Question: how to get correlation between the counts over each gene at the same timepoint (two replicates)
1
Lila M 830 wrote:

Hi everybody, I have the counts (obtained by HTSeq) for a lot of genes(~58,000) at different time points (replicates).

``````gene                           t1_S1    t1_S2
ENSG00000000003.14              0        0
ENSG00000000005.5               0        0
ENSG00000000419.12              1        3
[...]
``````

I woul like to calculate the correlation between the counts over each gene at the same timepoint to understand how reproducible the replication timing and progression is for each repeat. Any suggestions?

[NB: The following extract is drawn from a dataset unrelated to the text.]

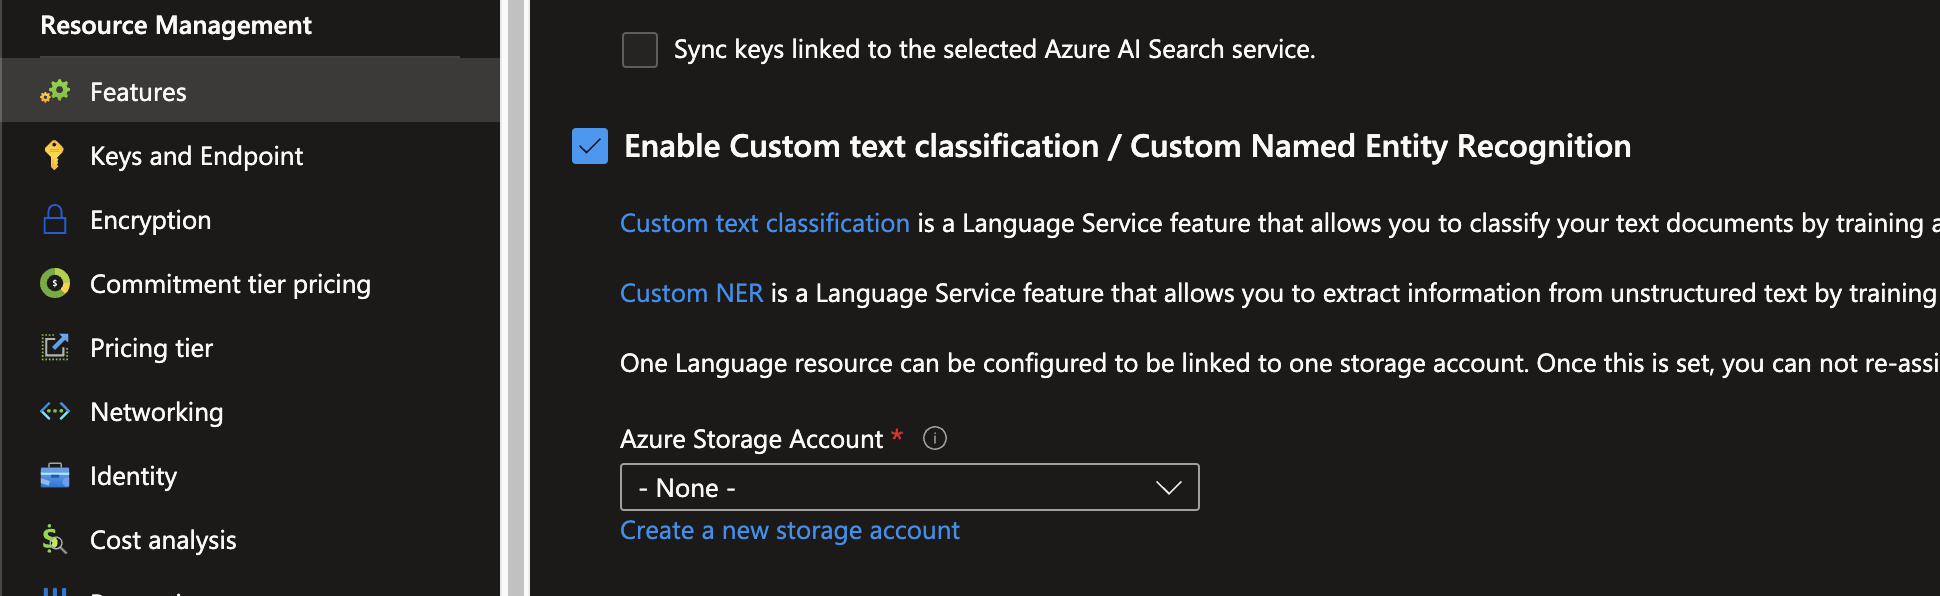 Azure Language Service Features page
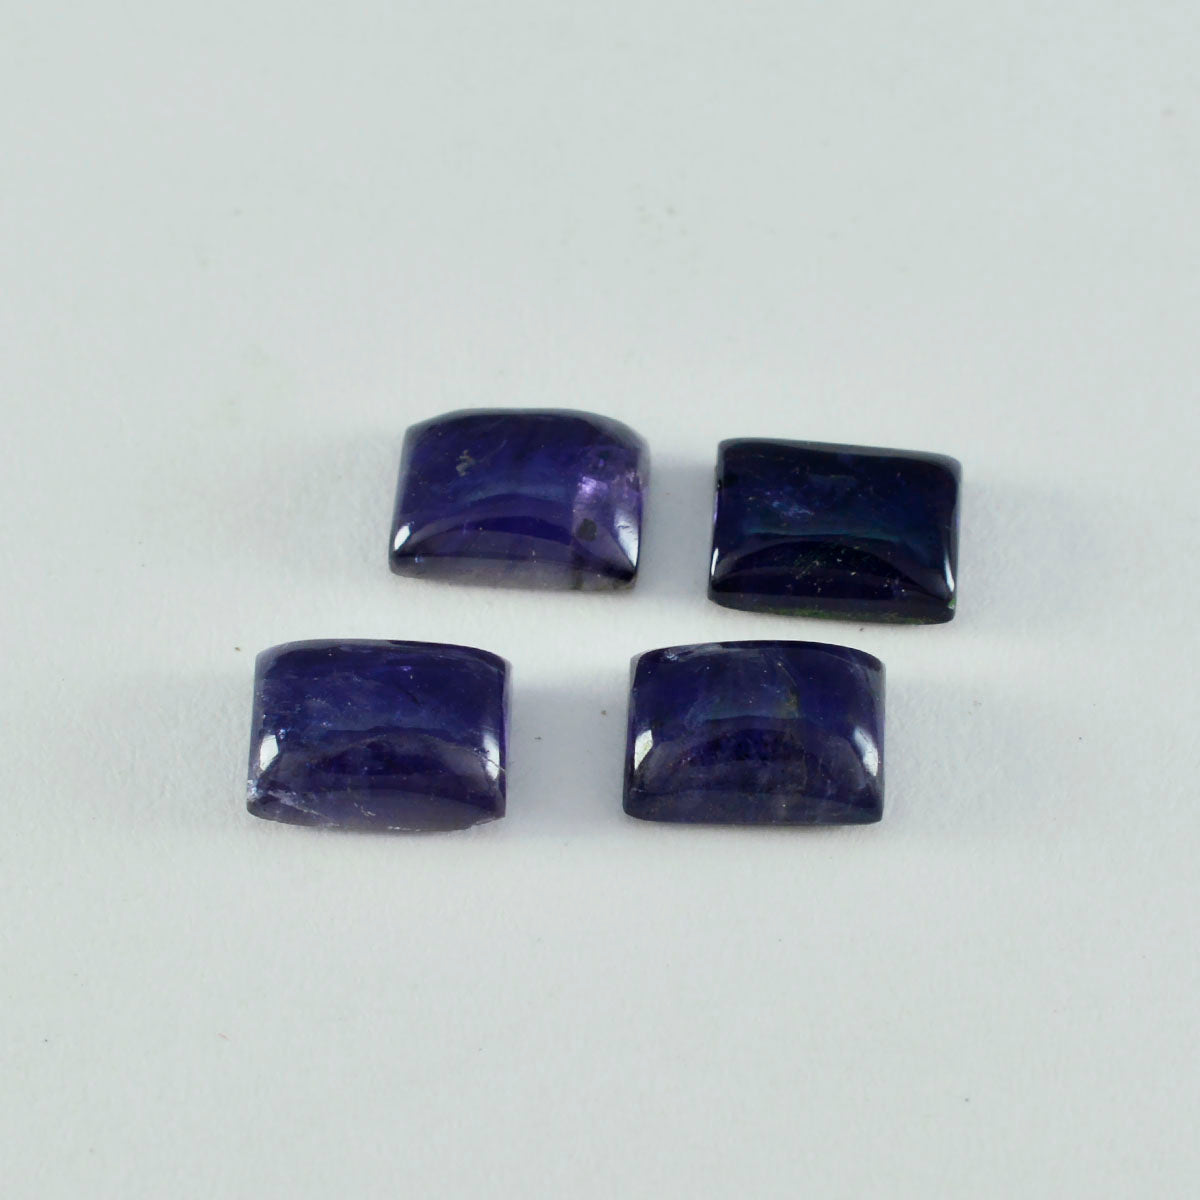 Riyogems 1PC blauwe ioliet cabochon 8x10 mm achthoekige vorm A+ kwaliteit losse edelsteen

modified 20 months ago by Nicolas Rosewick9.0k • written 20 months ago by Lila M 830
1

Check out the `cor` function in R. Different kinds of correlation measures are available, including Spearman and Pearson.

1

This is what I am doing, but as I have a huge number of genes, R gets stuck . This is what I'm trying:

``````xx <- read.table(file="matrix_count", sep="\t", header = T)
cor(t(xx), method="pearson")
``````

any other suggestion?

1

Do I understand correctly that you aim to calculate 58000 correlation coefficients?

1

5
Nicolas Rosewick9.0k wrote:

Do you want to test the correlation between the different timepoints or between the different genes.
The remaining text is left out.